You need to understand it, then step up a level or two to find some higher ground that covers and encapsulates it. That code is abstract but workable.

It will be tough to implement, but as you see the bugs manifest, you rework the abstraction to correct the behavior. You’ll get far fewer bugs, but they will be far harder to solve. You can’t just toss on bandaids, they require deep refactoring each time. Still, once solved they won’t return or cascade, which ultimately makes it all a whole lot easier. It’s slower in the beginning but pays off.

The complexity of a solution has to match the complexity of the problem it is trying to solve. There is no easy way around this, you can’t just cheat and hope it works out. It won’t. It never has.

Saturday, January 4, 2025

Data Collection

There are lots of technologies available that will help companies avoid spending time organizing their data. They let them just dump it all together, then pick it apart later.

Mostly, that hasn’t worked very well. Either the mess renders the data lost in the swamp, or the resource usage is far too extreme to offset the costs.

But it also isn’t necessary.

The data that a company acquires is data that it specifically intends to collect. It’s about their products and services, customers, internal processes, etc. It isn’t random data that randomly appears.

Mining that data for knowledge might, at very low probabilities, offer some surprises, but likely the front line of the business alreadys knows these even if it isn’t getting communicated well.

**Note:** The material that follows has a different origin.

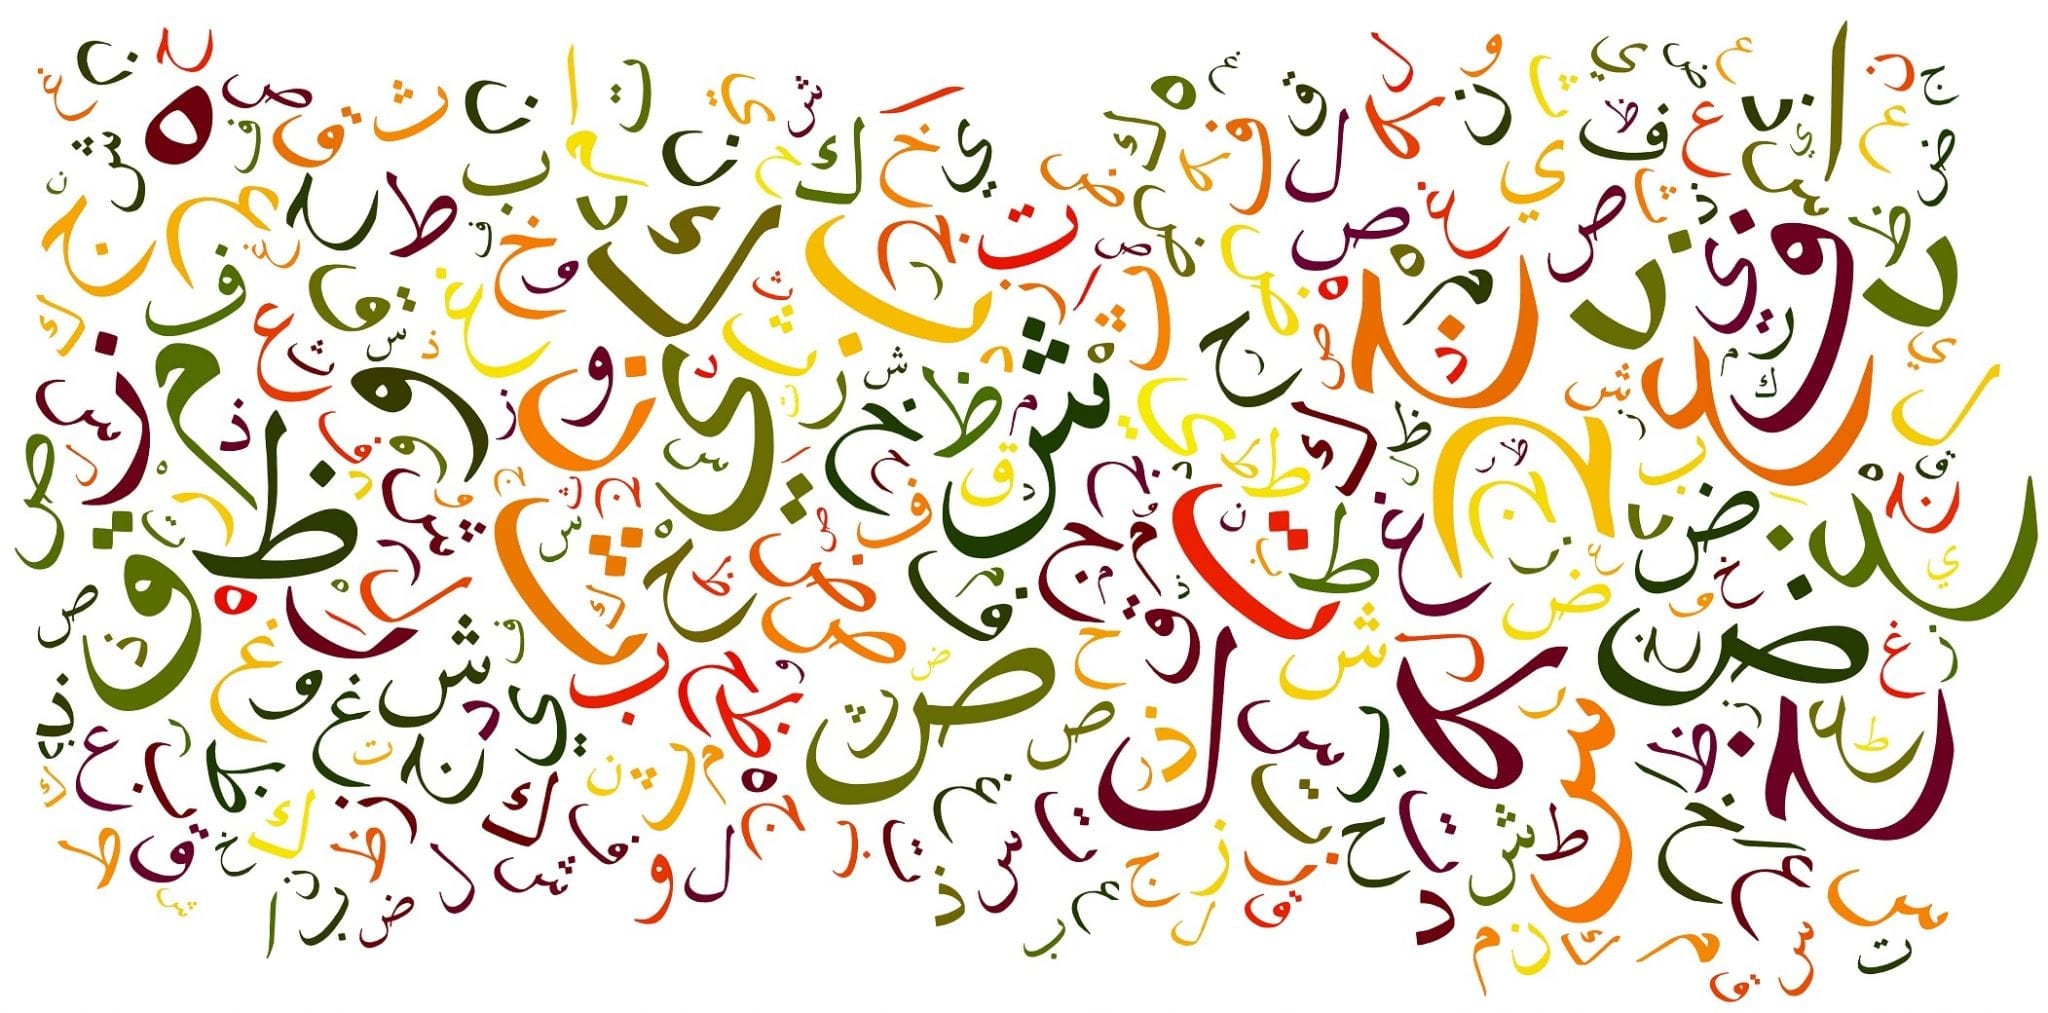 אותיות בערבית מילון ערבית מדוברת מילון ערבי עברי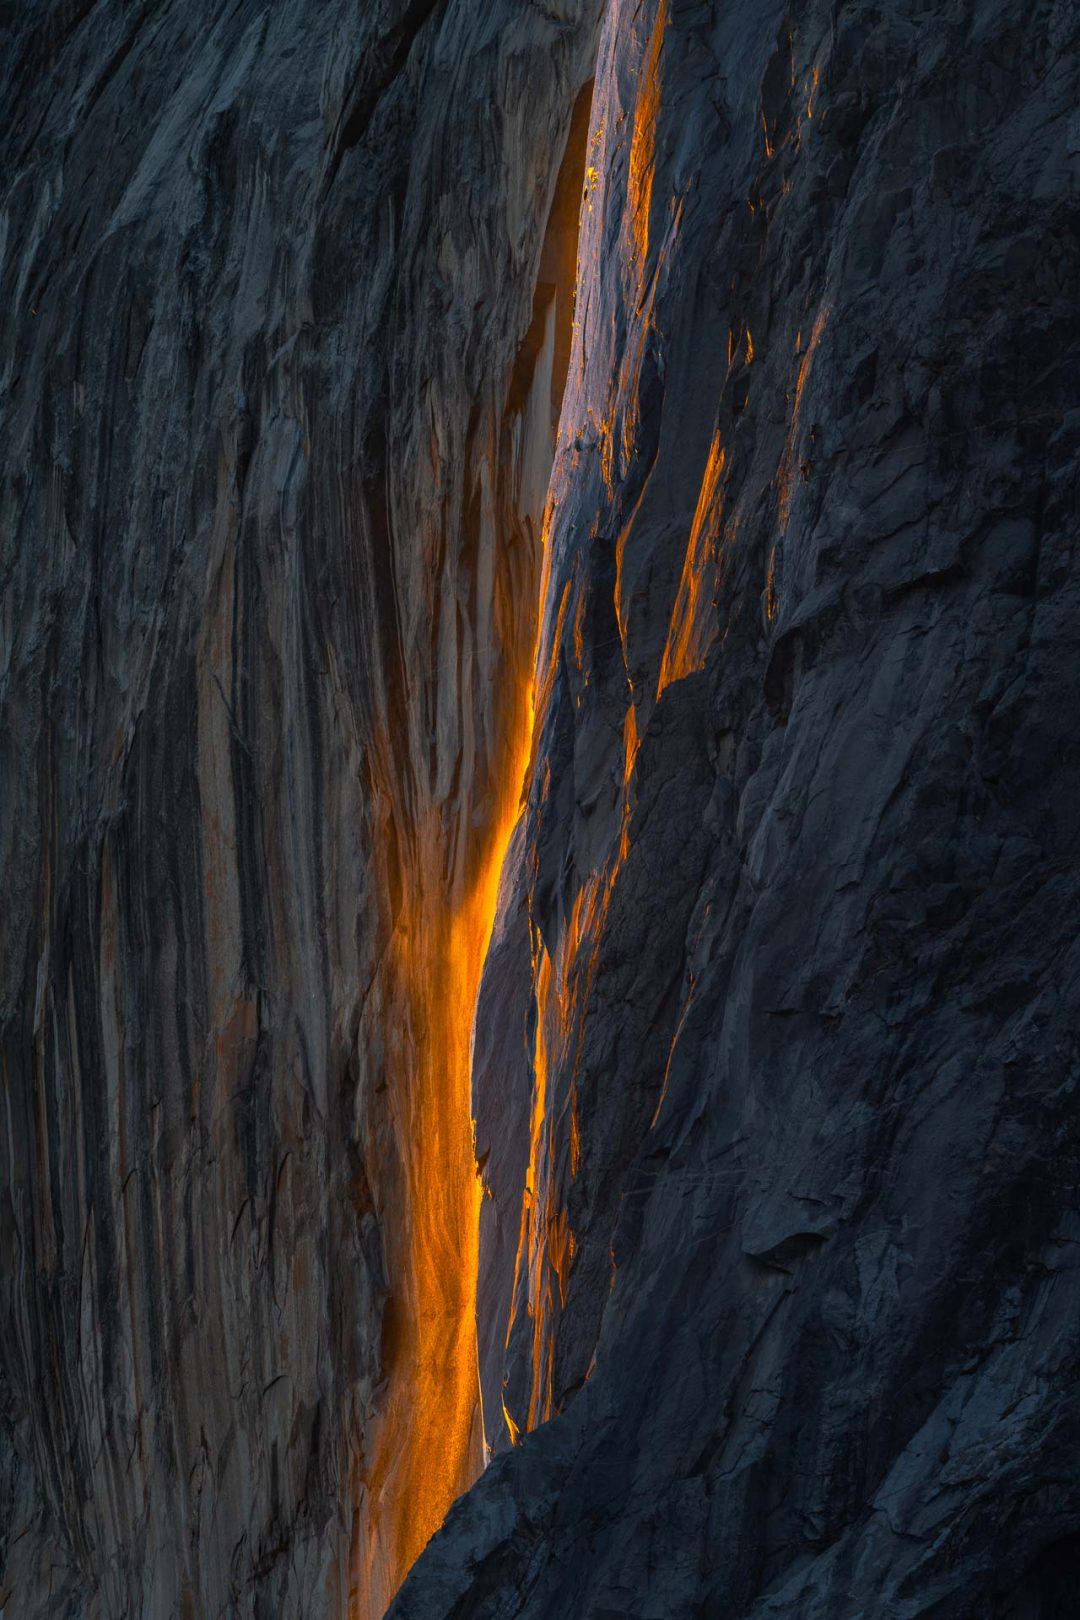 Lo spettacolo di Yosemite: ecco la bellissima cascata di fuoco “Horsetail Fall”

Companies also know the ‘structure’ of the data in the wild. It might change periodically, or be ignored for a while, but direct observations can usually describe it accurately. Strong analysis saves time.

Companies collect data in order to run at larger scales. So, with a few exceptions, sifting through that data is not exploratory. It’s an attempt to get a reliable snapshot of the world at many different moments.

There are exploratory tasks for some industries too, but these are relatively small in scope, and they are generally about searching for unexpected patterns. But this means that first, you need to know the set of expected patterns. That step is often skipped.

Mostly, data isn’t exotic, it isn’t random, and it shouldn’t be a surprise. If there are a dozen different representations for it when it is collected, that is a mistake. Too often we get obsessed about technology but forget about its purpose. That is always an expensive mistake.